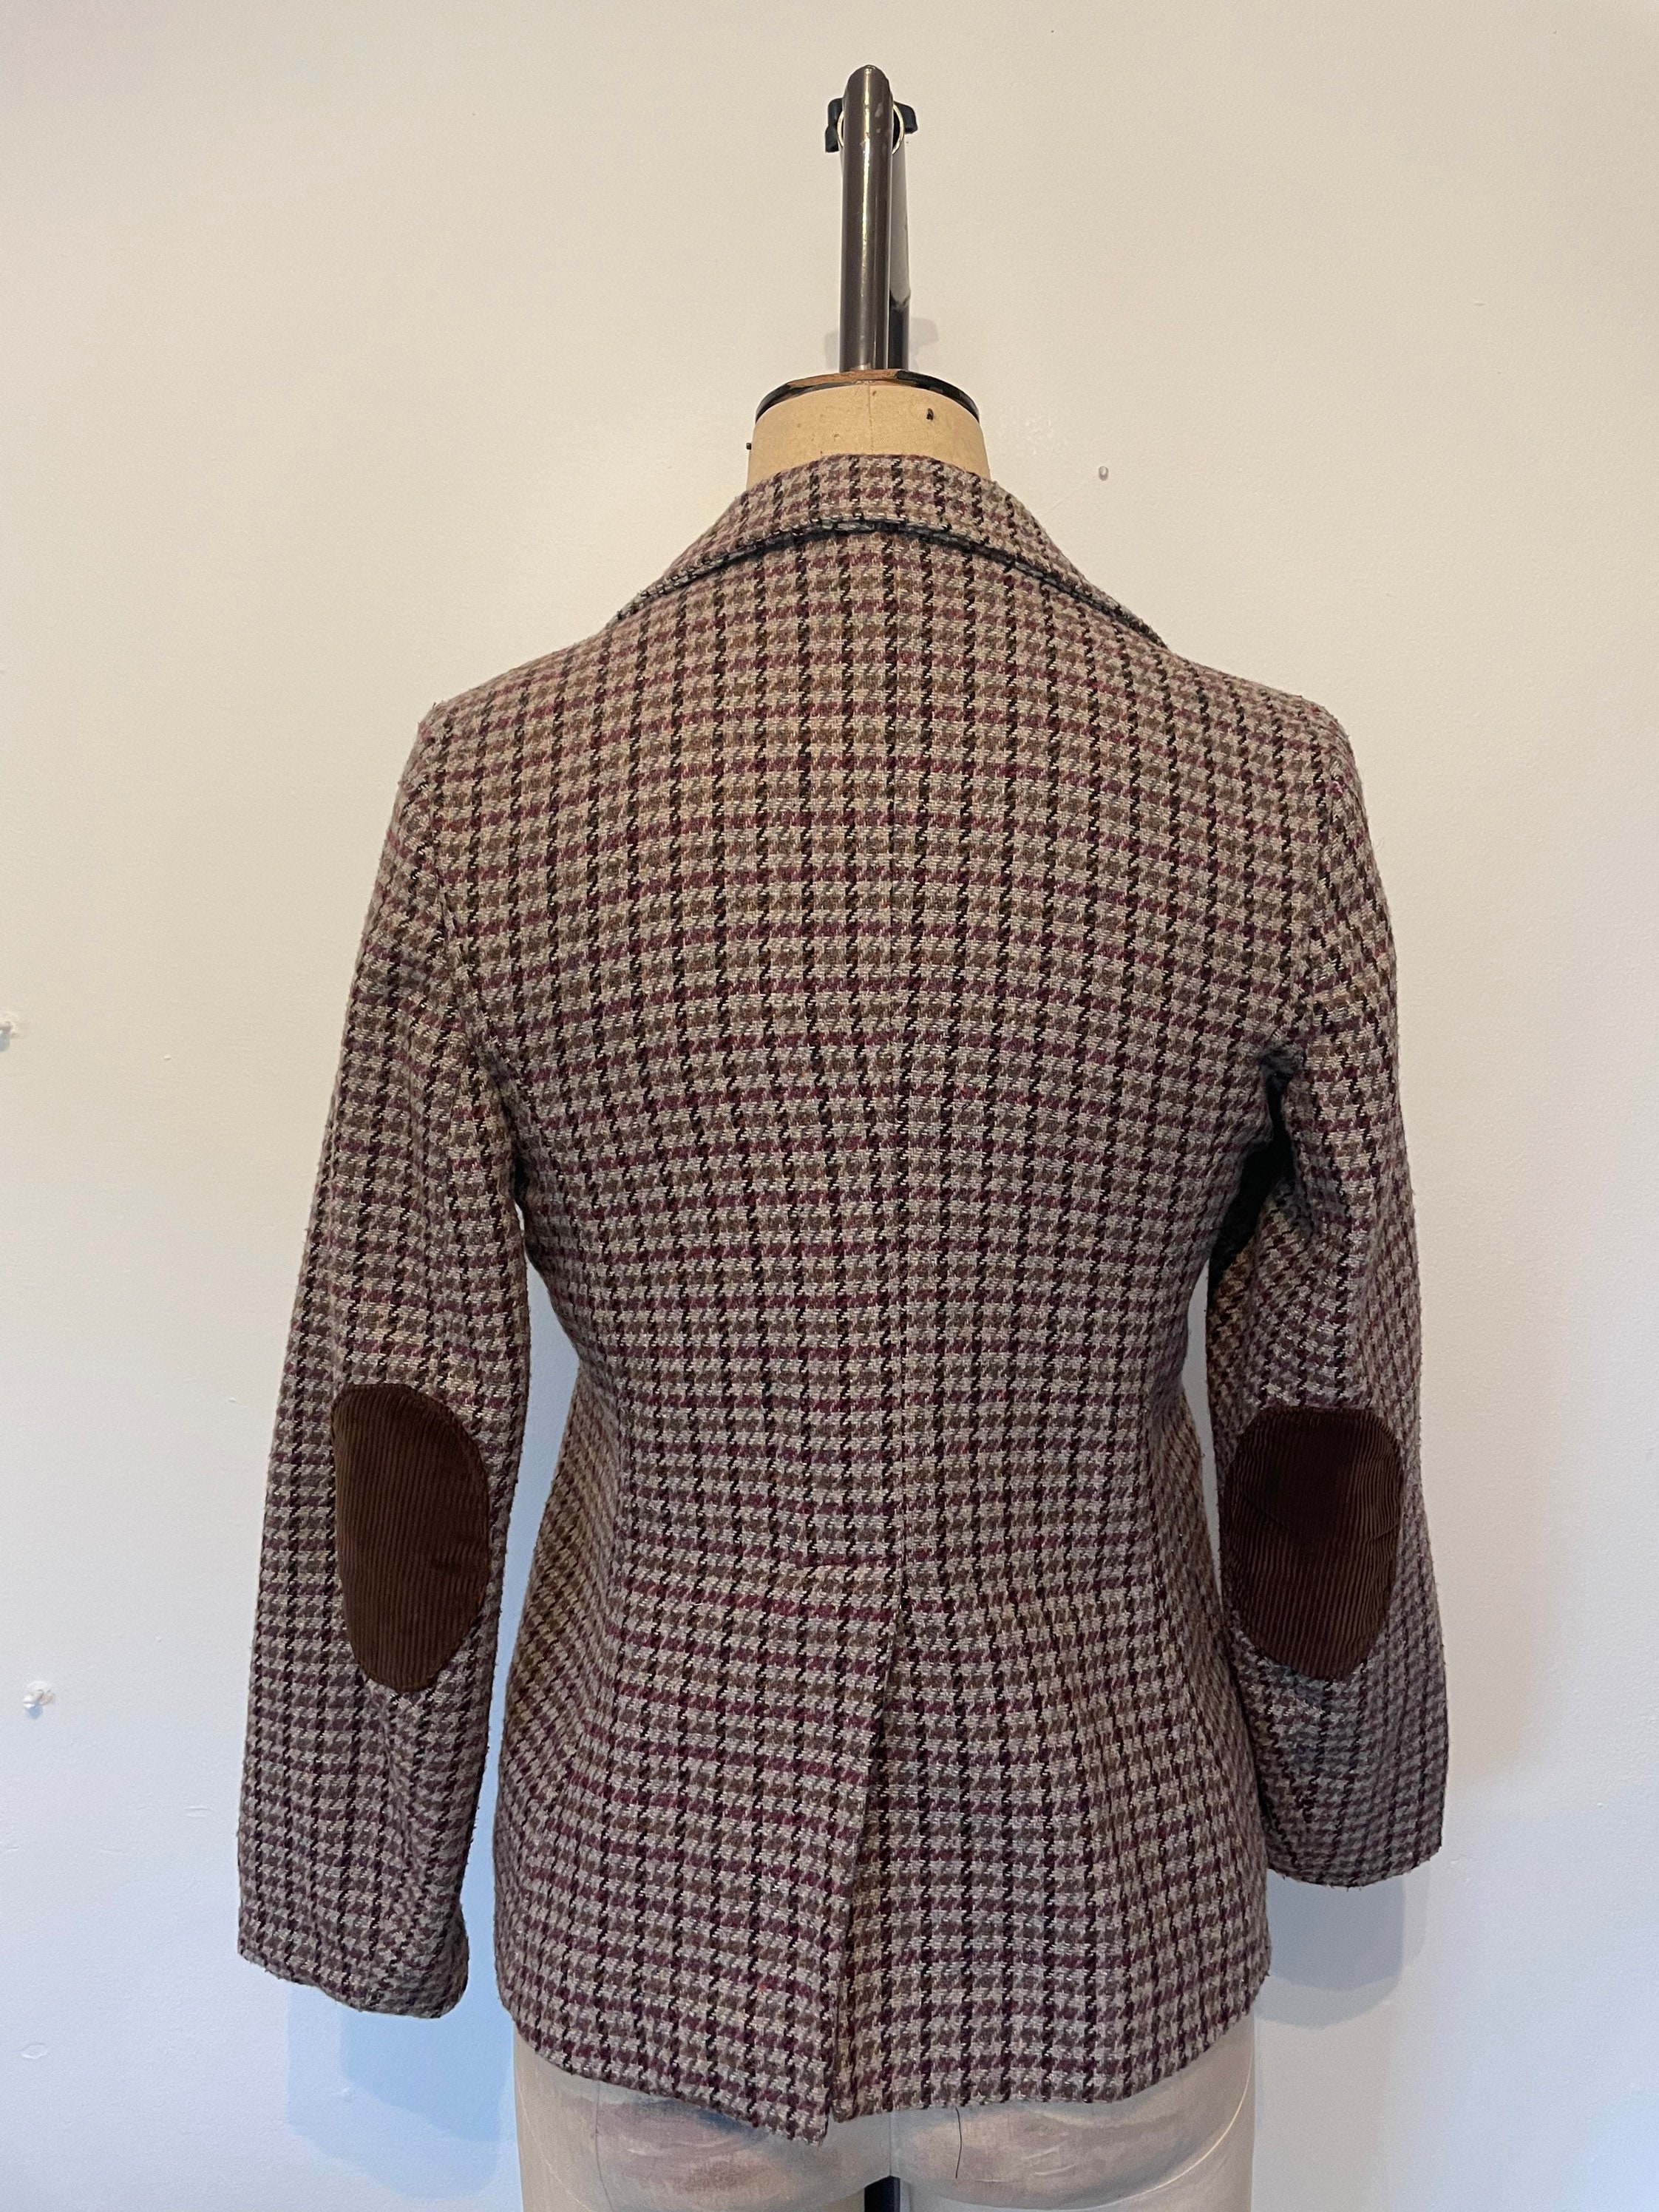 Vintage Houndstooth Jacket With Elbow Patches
..............................
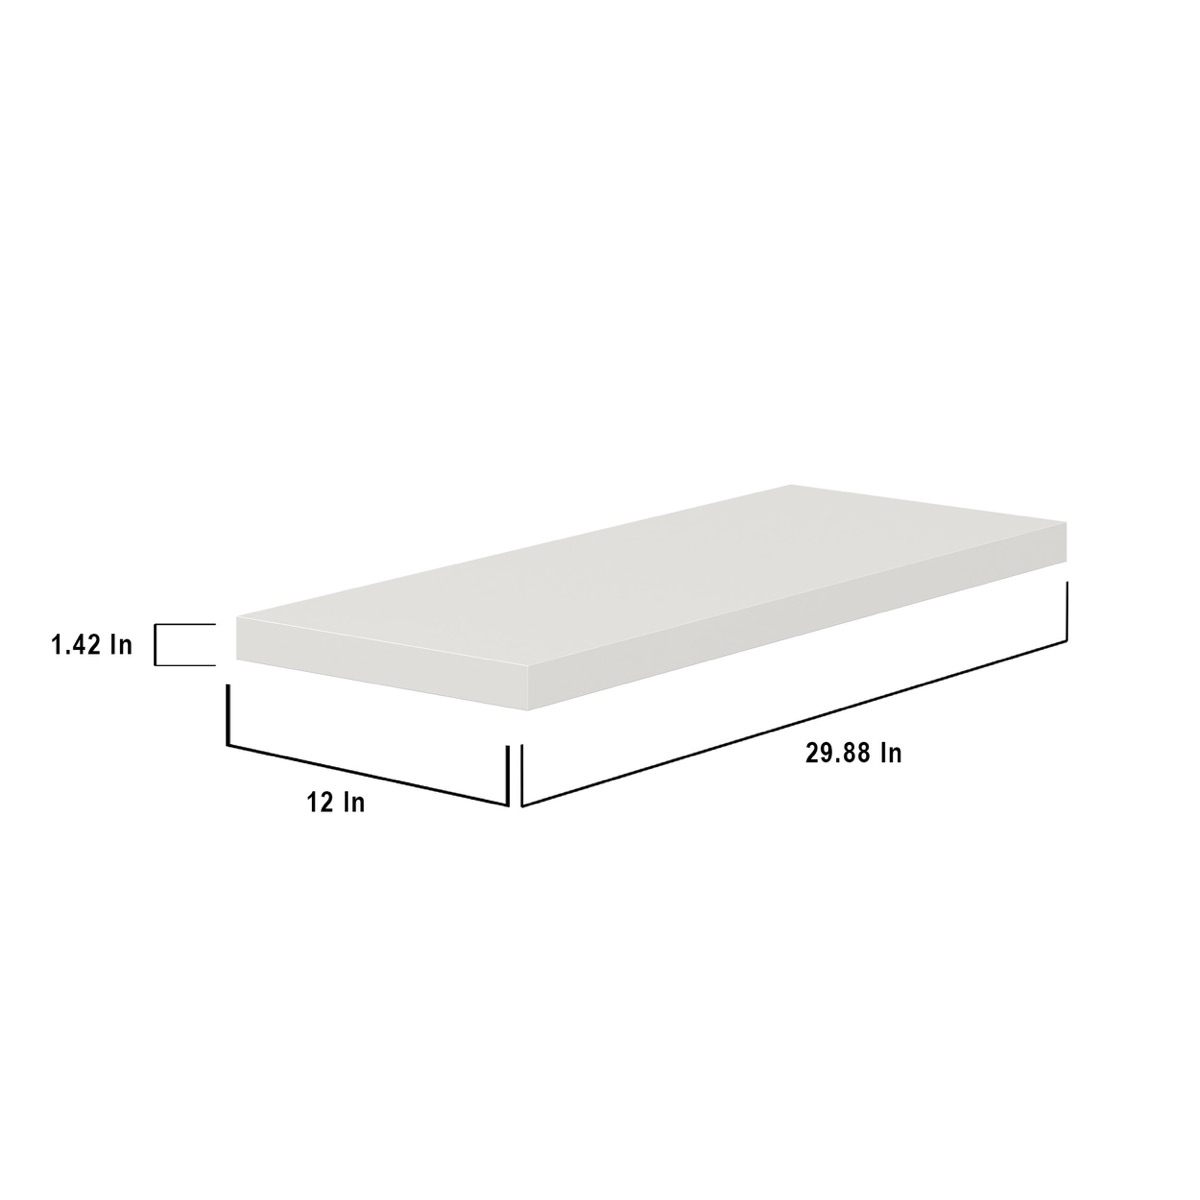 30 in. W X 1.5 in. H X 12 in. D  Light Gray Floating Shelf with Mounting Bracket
..............................
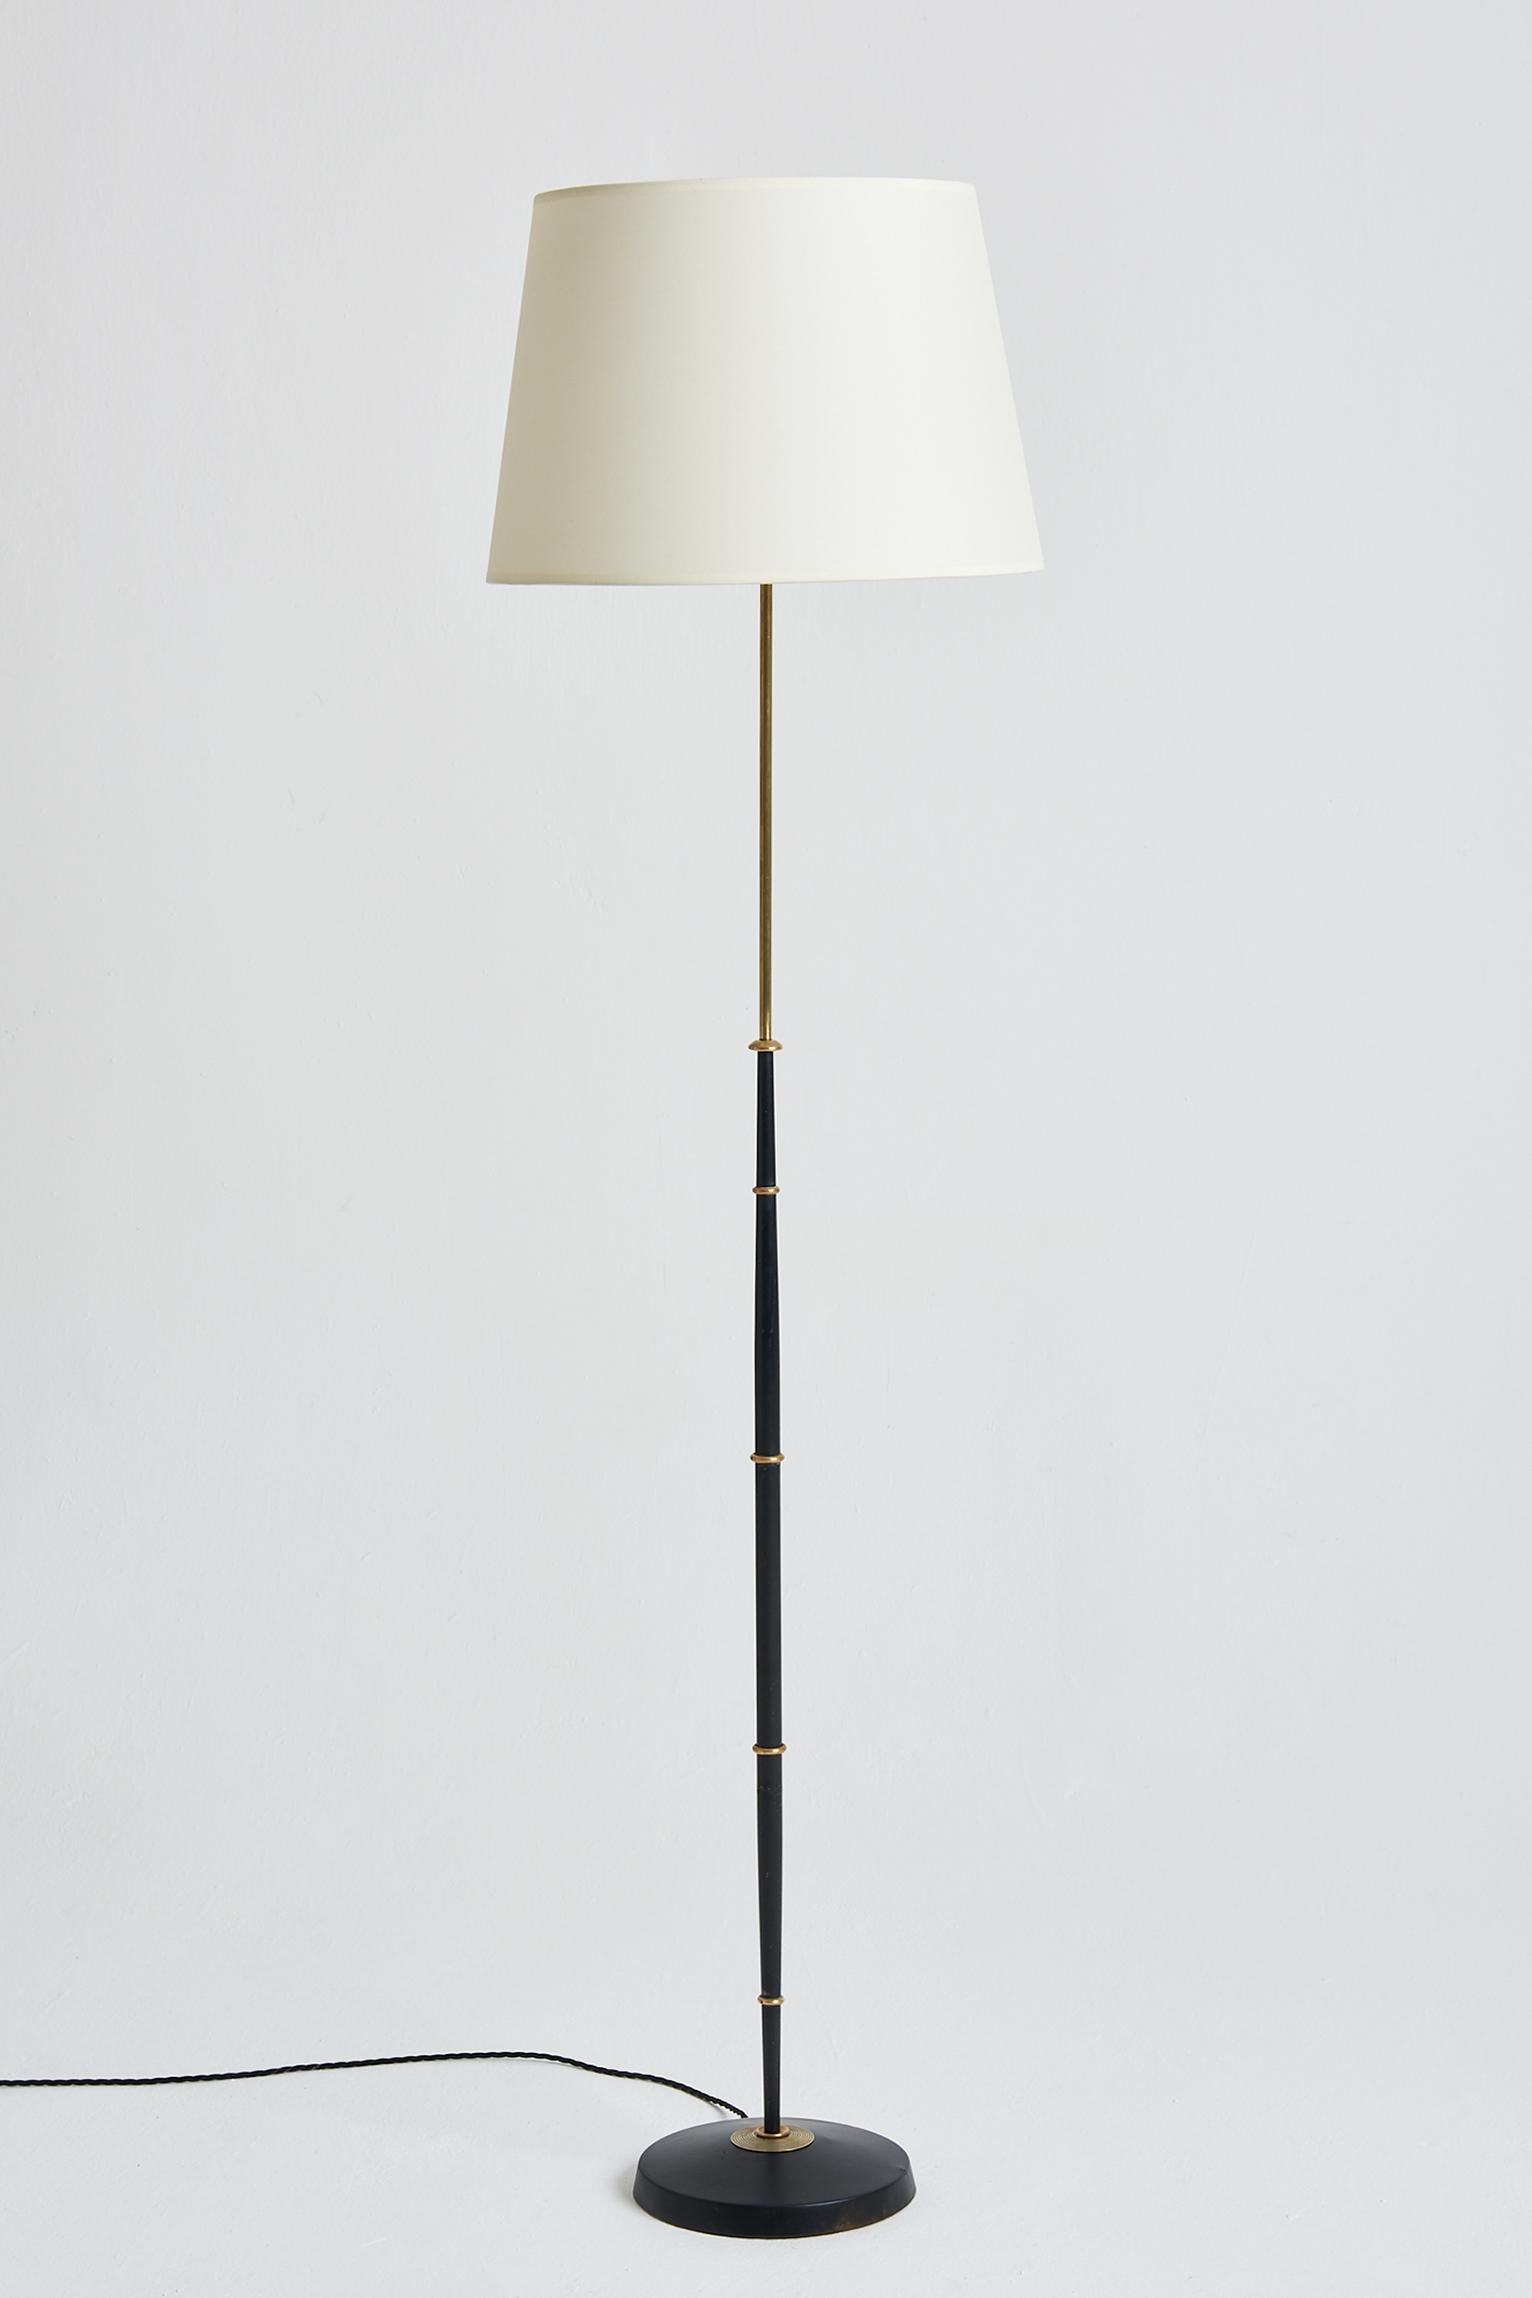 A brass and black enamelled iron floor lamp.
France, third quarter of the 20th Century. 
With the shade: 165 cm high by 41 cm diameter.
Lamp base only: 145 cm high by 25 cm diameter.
..............................
** GOAL OF THE EXERCISE **
From the material above, return every line that contains "high".

** RESPONSE BELOW **
With the shade: 165 cm high by 41 cm diameter.
Lamp base only: 145 cm high by 25 cm diameter.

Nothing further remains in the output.